Despite both being well into their senior years, after holding an almost exclusive 15-year monopoly over the Ballon d’Or, the duo now tread differing paths.
In the case of Messi, having finally got his hands on a World Cup winners medal, the Argentine is now set to form a new era at Inter Miami in Major League Soccer.
Ronaldo meanwhile, wends a more unfamiliar journey after his move to the Saudi Pro League last January.
It is that move however, that has now set the wheels in motion in laying a new landscape in football.
The Saudi path
As Kylian Mbappe and Erling Haaland perched at the very summit of the world game, Ronaldo’s transfer to Al Nassr at the end of 2022 was derided by many.

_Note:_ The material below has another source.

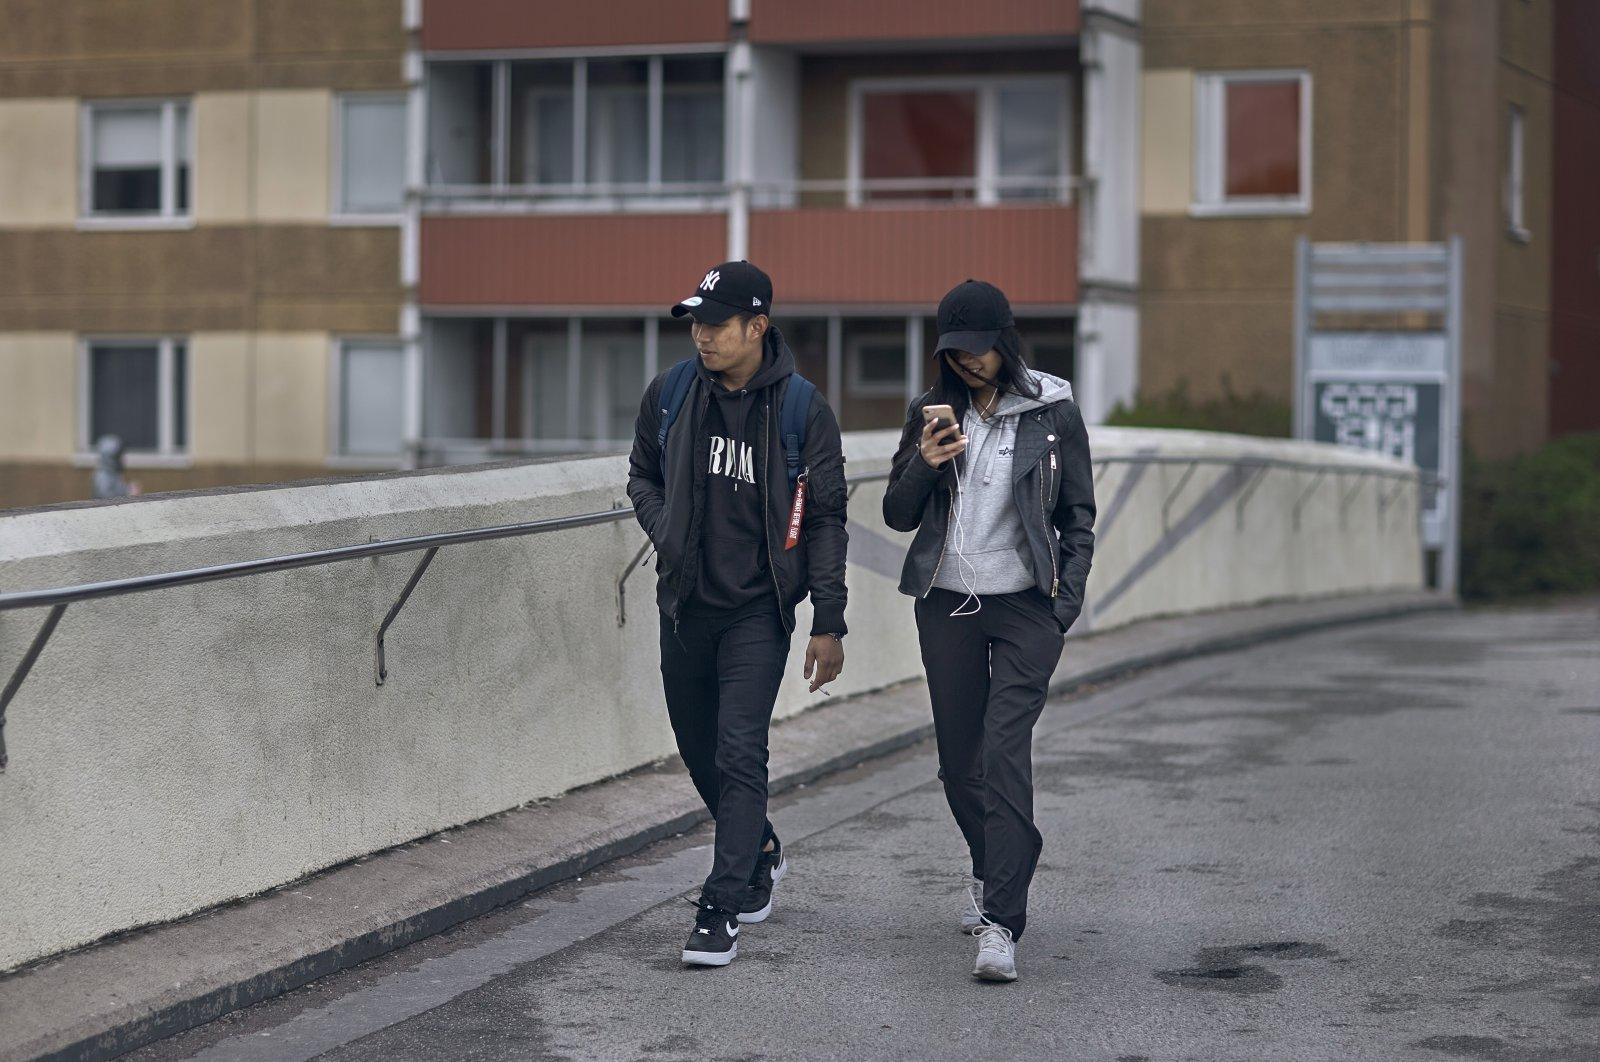 A young couple walks along a bridge in Rinkeby-Kista borough in Stockholm, Sweden, April 28, 2020. (AP Photo)
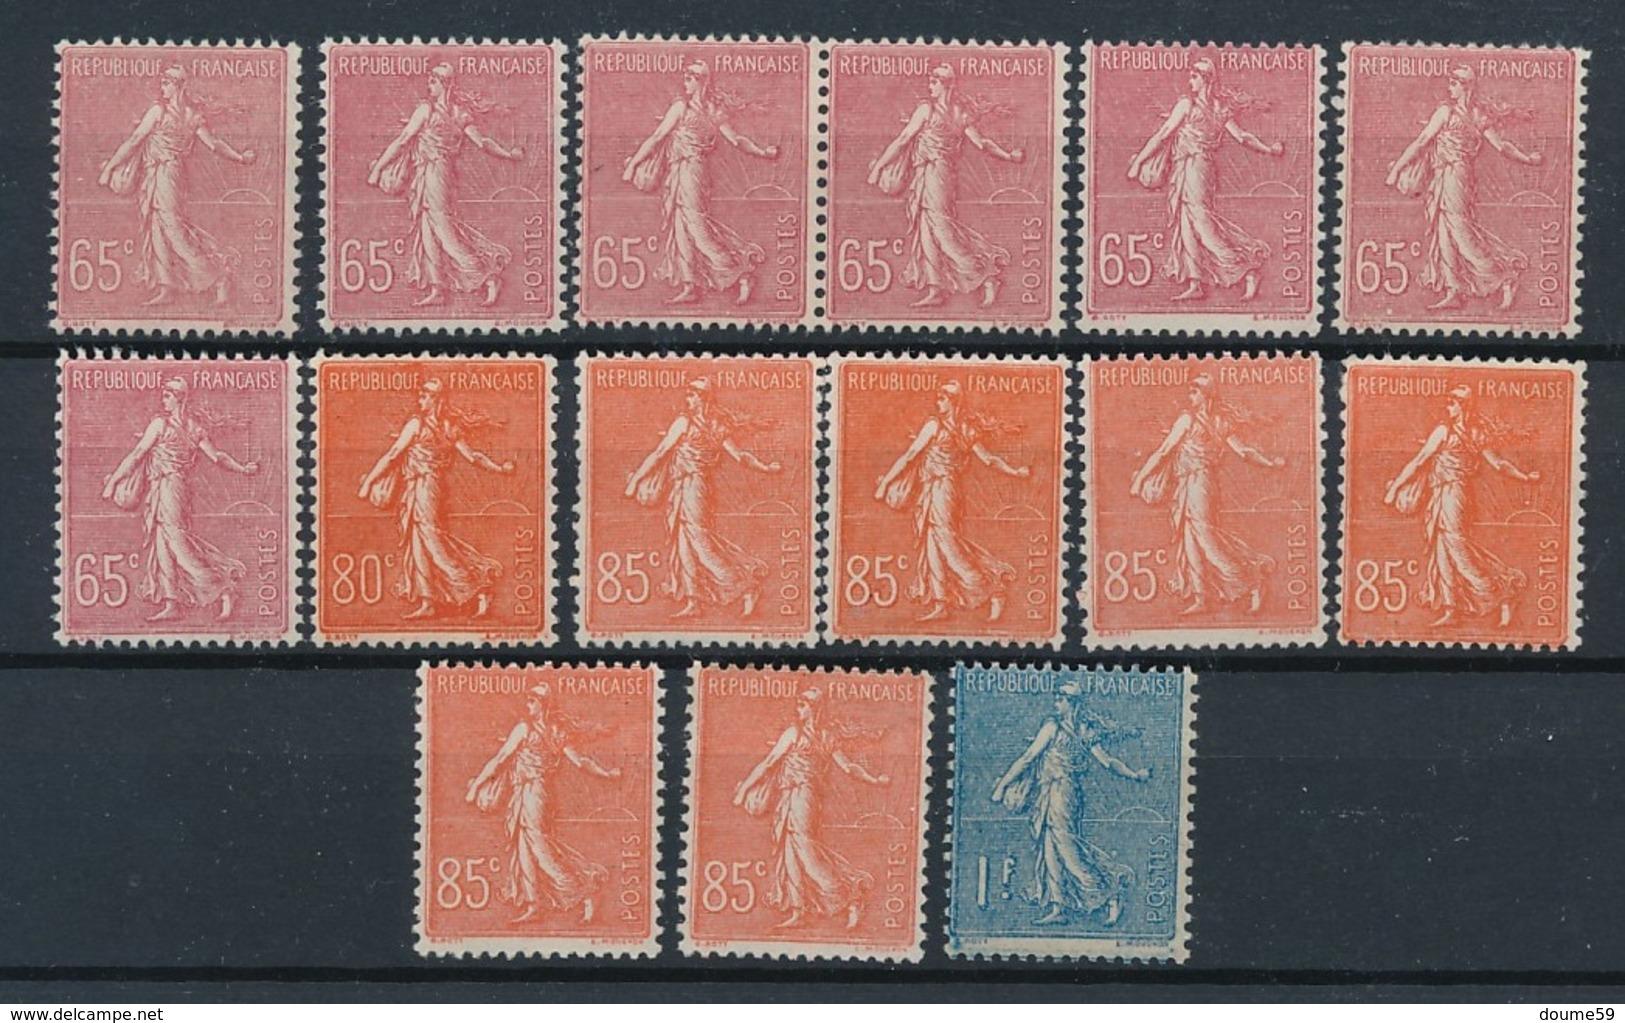 CP-421: FRANCE: Lot De Timbres Neufs ** N°201(7)-203-204(6)-205 - 1903-60 Sower - Ligned

Viewed by critics as the former Manchester United striker’s admission of his own decline, the move was nothing more than a pre-retirement switch motivated by money.
Cynics however, did not factor in that the Portuguese could be a trailblazer.
As Ronaldo said himself of the move last winter:
”In my opinion if they continue to do the work that they want to do here, for the next five years, I think the Saudi league can be a top five league in the world.”
Messi may have opted against a switch himself, but reports this week in the New York Times reveal an agreed contract worth around £20million over three years to be a commercial pitchman for The Kingdom.
Not bad money for a few social media posts, the odd advertisement and a positive word here or there.
Lure of riches
The fact the powers-that-be in Saudi Arabia are willing to part with such sums simply for Messi’s commercial pull speaks volumes about their ambitions.
But not Messi exclusively.
Throw in the signings of Karim Benzema and N’Golo Kante for Al Ittihad and likely a gamut of other top stars from Europe’s top clubs, and you have the makings of a movement.
Not content with their purchase of Newcastle United, interest in Formula 1 or the creation of LIV Golf, Saudi investment in elite sport shows no signs of slowing.
But it is those transfers to the Saudi Pro League that are dominating the newspaper columns around Europe this summer.
Ronaldo’s move alone has prompted a massive hike in broadcasting revenue and social media interest for Al Nassr.
Now many of their rivals want a piece of the action.
In the past week alone, Ruben Neves, Son Heung-Min, Edouard Mendy, Hakim Ziyech, Kalidou Koulibaly, Bernardo Silva and Matt Doherty were all linked with Saudi clubs.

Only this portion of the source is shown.